You may have seen that the drivers have special case code to reprogram one of the chipset registers while accessing the configuration registers if the machine has a UMC 491 or 498 chipset. It's easiest to see in the NT 3.x driver as all the functions have export symbols - Delay_1T_498() and Restore_498() and same for 491.

I did not look at any drivers (yet), I just reverse engineered the BIOS and experimented with register settings and a logic analyzer. I had the sample clock taken from LCLK and data probes on /ADS, /LRDY (all of these signals taken from an empty VL slot), as well as /CS1Fx, /CS3Fx, /DIOR and /DIOW on the secondary IDE port.

jakethompson1 wrote on 2025-11-23, 00:31:

I don't know if this has any bearing on your findings and the lock-up symptom without priming L1 cache.

Possibly it does. If it configures the chipset to add extra wait states to VL cycles, this may work around FSB corruption issues.

jakethompson1 wrote on 2025-11-23, 00:31:

You've found this chip has no readahead feature other than 32 to 16 bit translation, right?

That's entirely correct. The chip (at least with the programming as performed by the BIOS) does neither write posting nor readahead. The missing write posting will cause a performance hit as soon as the data to be written is not in L1 cache. I did not calculate theoretical write burst rates, but writes seem to be slow anyway as programmed by the BIOS. The Linux driver on the other hand programs write timings to be equal to the read timings.

Reply 3 of 3, by mkarcher

User metadata
Rank l33t
Rank
l33t

Well, don't get me started about that Windows NT 3.1 driver. It seems to be "works on my machine, let's ship it" quality.
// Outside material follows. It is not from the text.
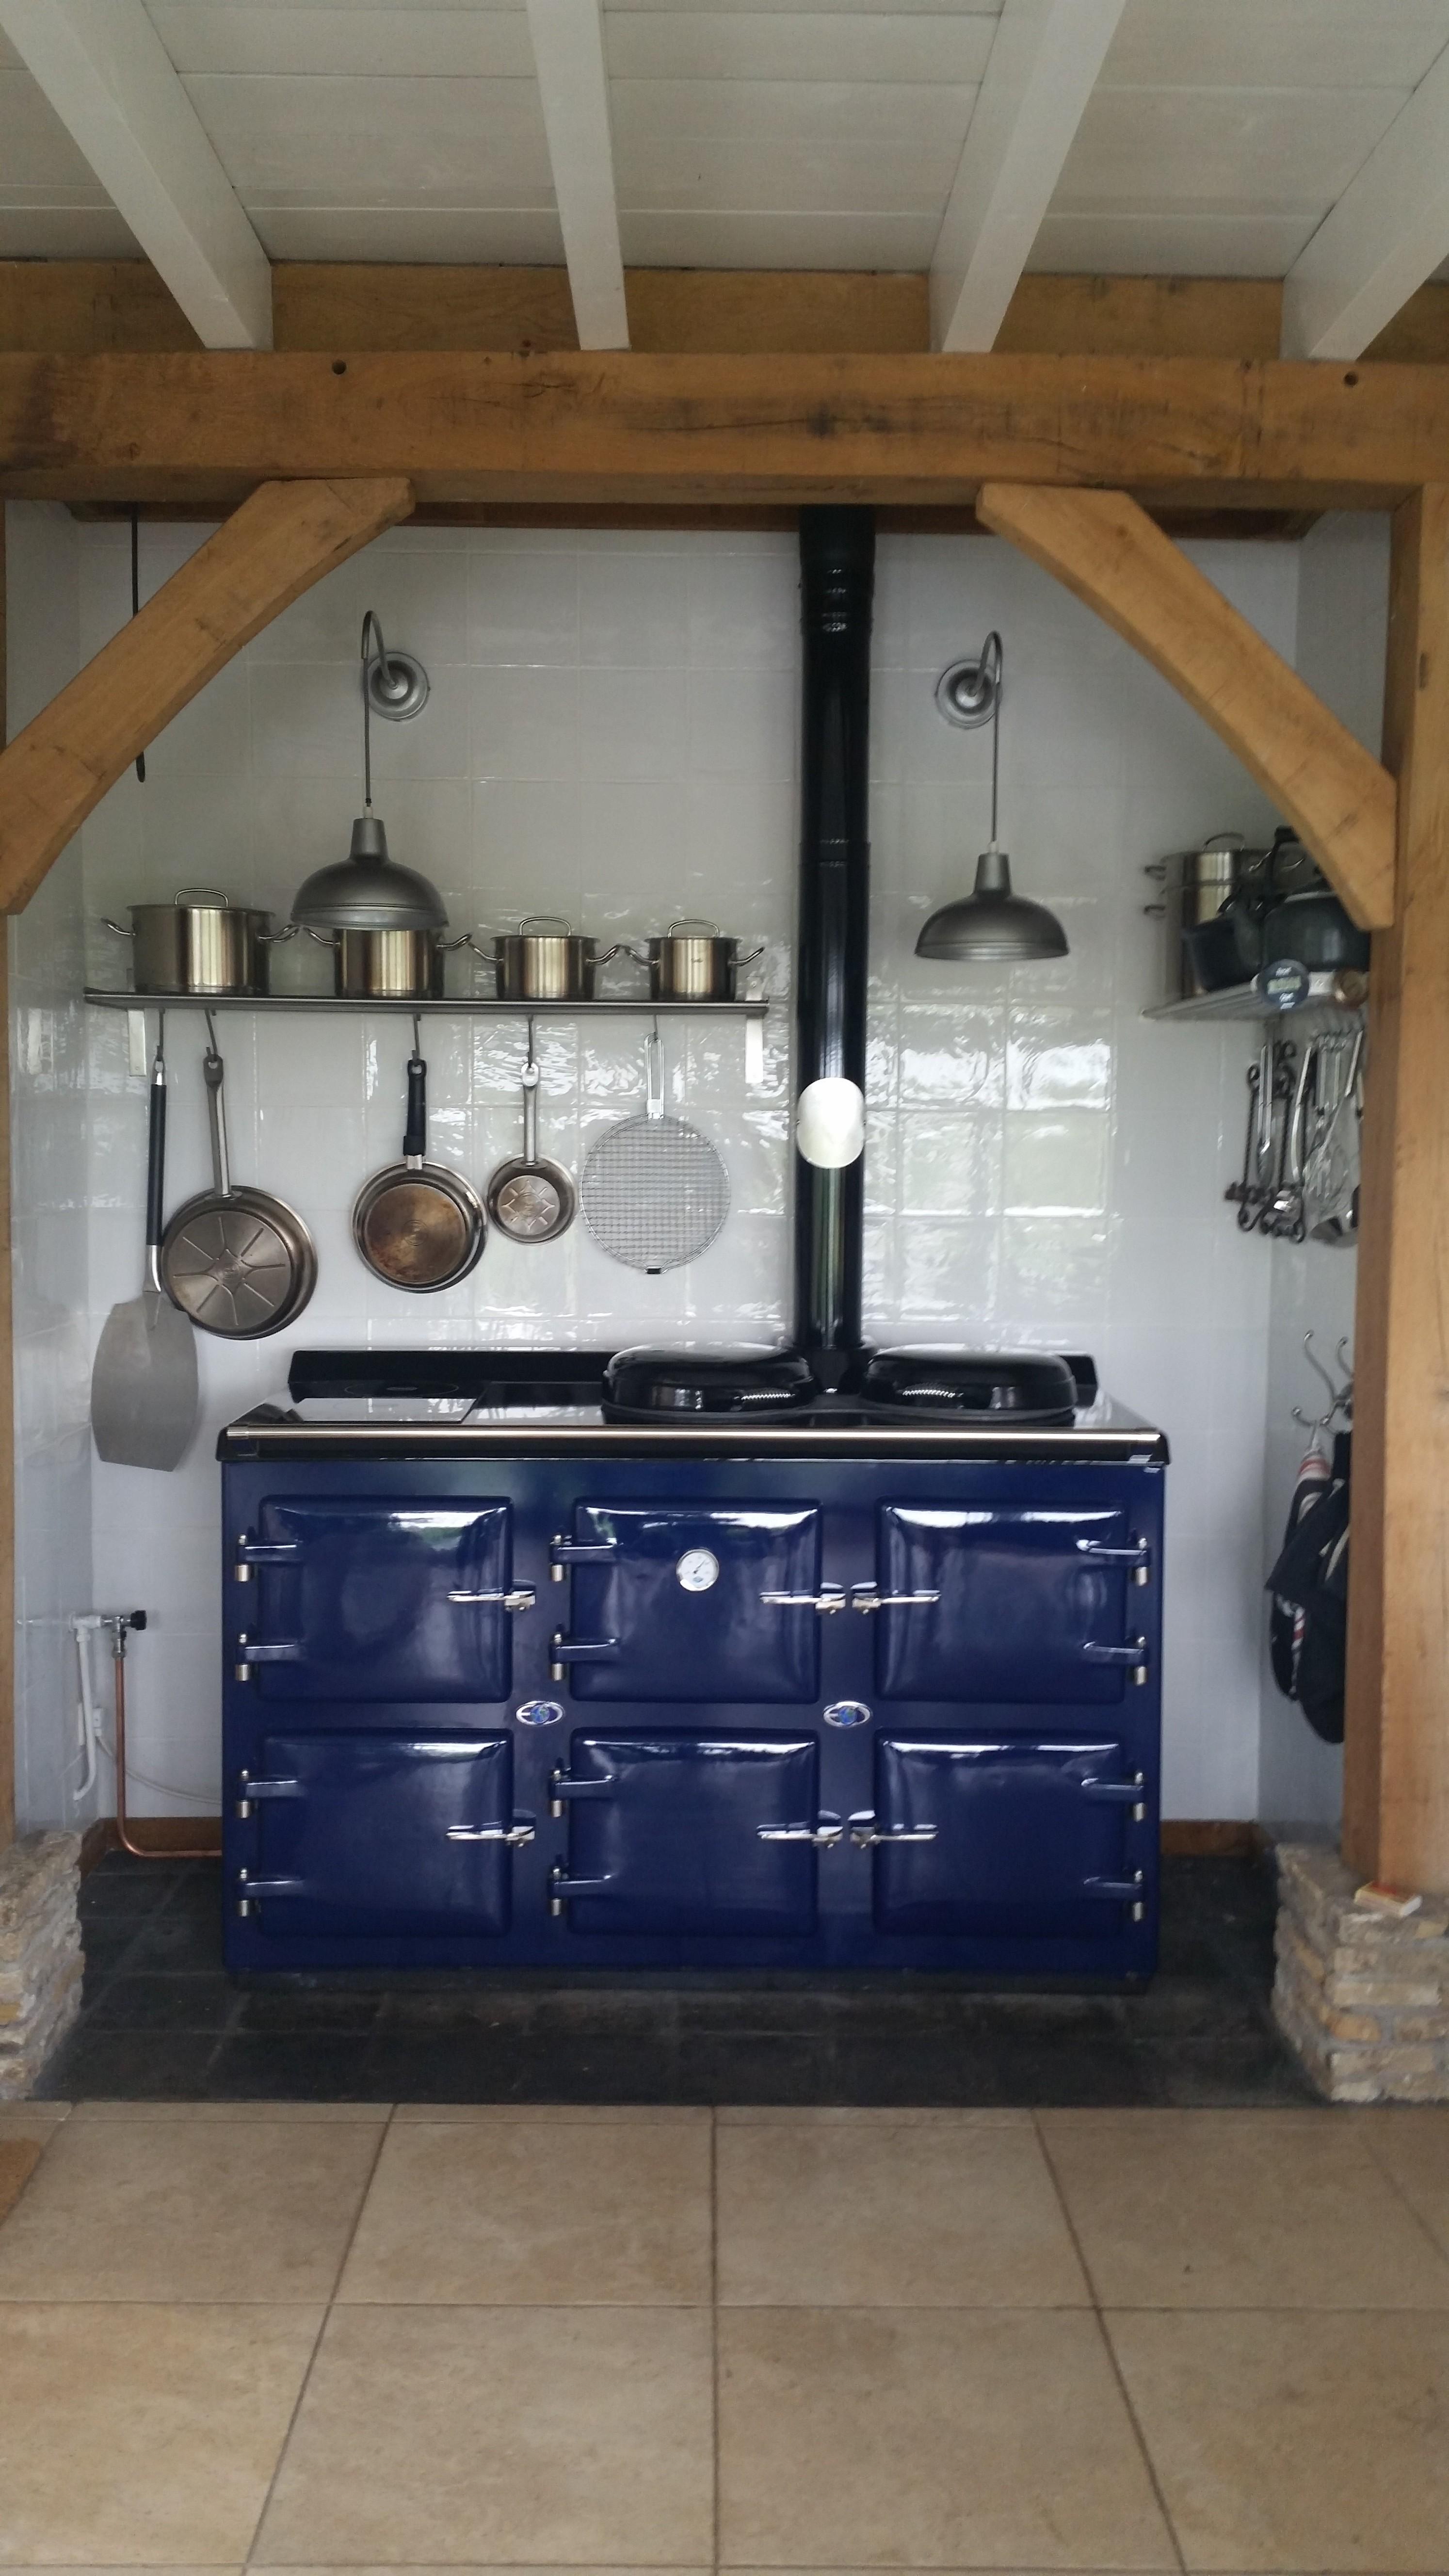 AGA blue 5 oven oil-gas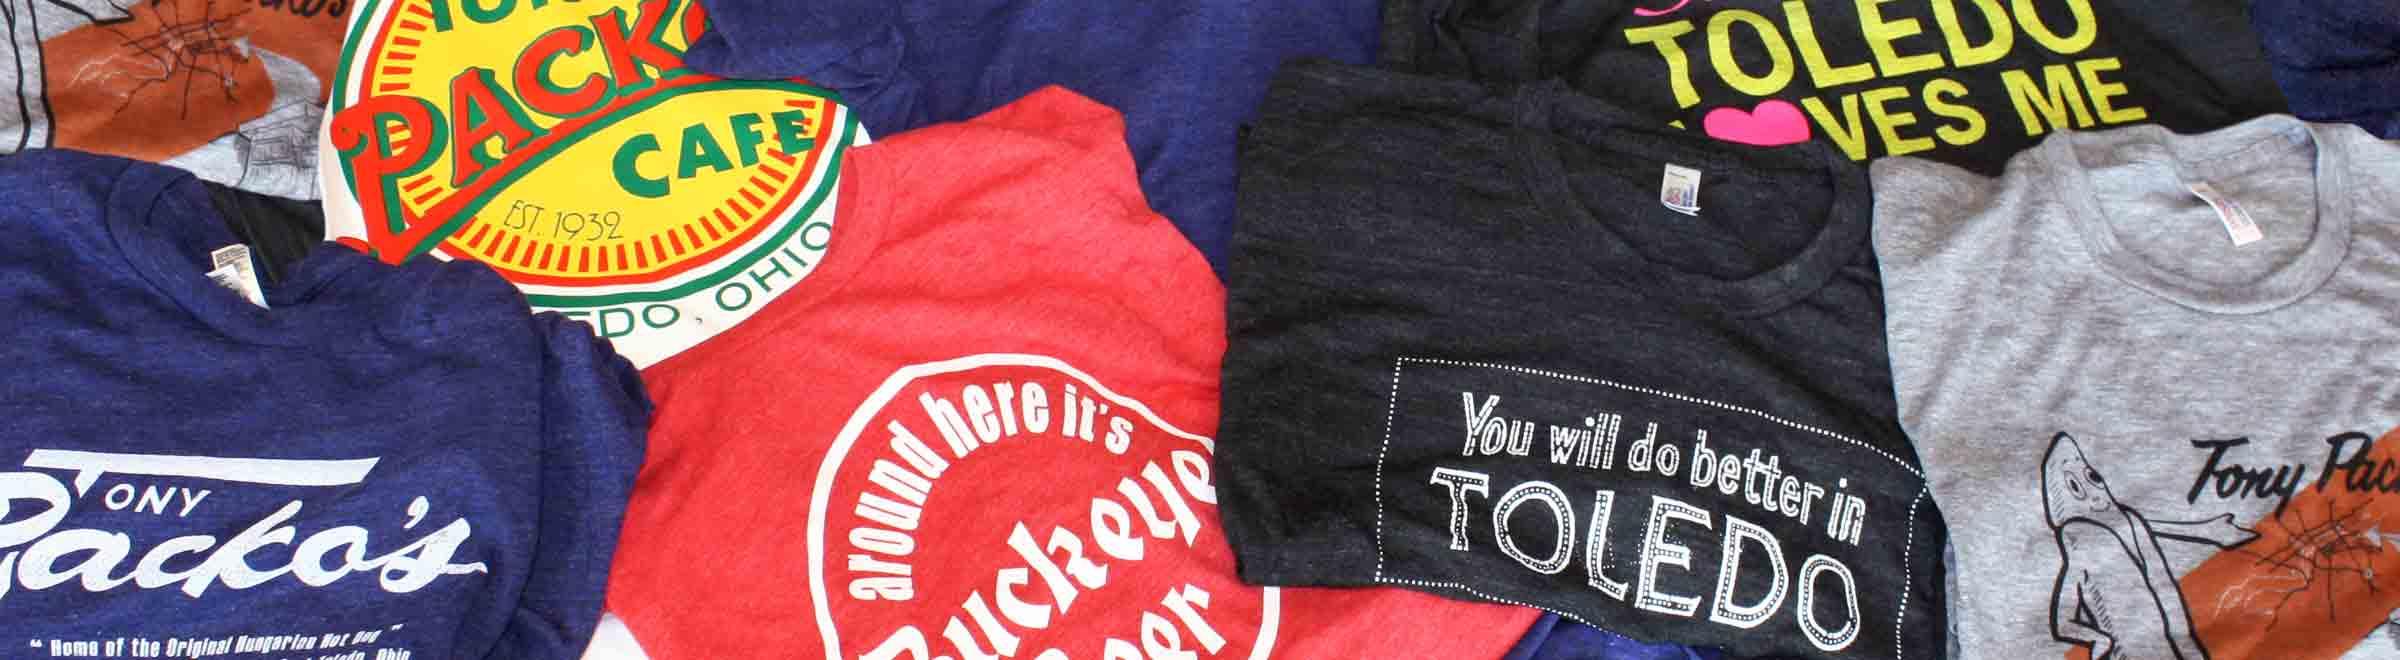 Packo toledo shirts tony packo 39 s for You will do better in toledo shirt

  • As you already noticed, it has support to configure two contemporary UMC chipsets in a way that configuration of the chip is possible without encountering "issues", but it doesn't check whether the target chipset is actually present. Given the IO addresses 28/2A for the UM82C498 and C022/C024 for the UM82C491, this seems to be benign, as these addresses are uncommon chipset configuration addresses, so that code is unlikely to mess up other chipsets. Nevertheless, On the DataExpert EXP4044 with its Opti 802 chipset, some workaround seems required, as I experienced, which this driver does not provide.
  • Compared to the BIOS, they improved the bus speed detection code. It still measures Intel-Equivalent MHz (thus getting wrong results on Cyrix CPUs), but now it also times REP OUTSB to port 1F2, to actually get an impression of the bus speed, and then divides the CPU speed by 2 or 3 if appropriate. The algorithm is "if the CPU clock is below estimated bus clock + 15MHz, assume x1. Otherwise, if half the CPU clock is below estimated bus clock + 8MHz, assume x2. Otherwise, assume x3". The thresholds for 25/33/50 MHz are 27MHz and 36MHz. This code does not support x4 (AMD 5x86), but it has more issues. It issues REP OUTSB without setting up ESI, which obviously just happens to point to readable memory at that point. While I still didn't measure it, I assume a Cyrix 486DX-33 to score around 37 to 38 "Intel-equivalent MHz" in that test, pushing it into the FSB50 category. But worst of all, the code sets "Speed 1" before this measurement (which is a prudent thing to do), which sets all the drive-specific timing parameters to "Speed 1", but it does not configure the global non-data active time setting. As it is REP OUTSBing to a non-data port, that setting is relevant for the benchmark it does. Depending on FSB clock, the BIOS I had at hand configures this value to 14 or 15 clocks, so in that case, the assumption of 30 clocks cycle time (or so) may still hold, as the drive-specific setup time at speed 1 is 15 clocks.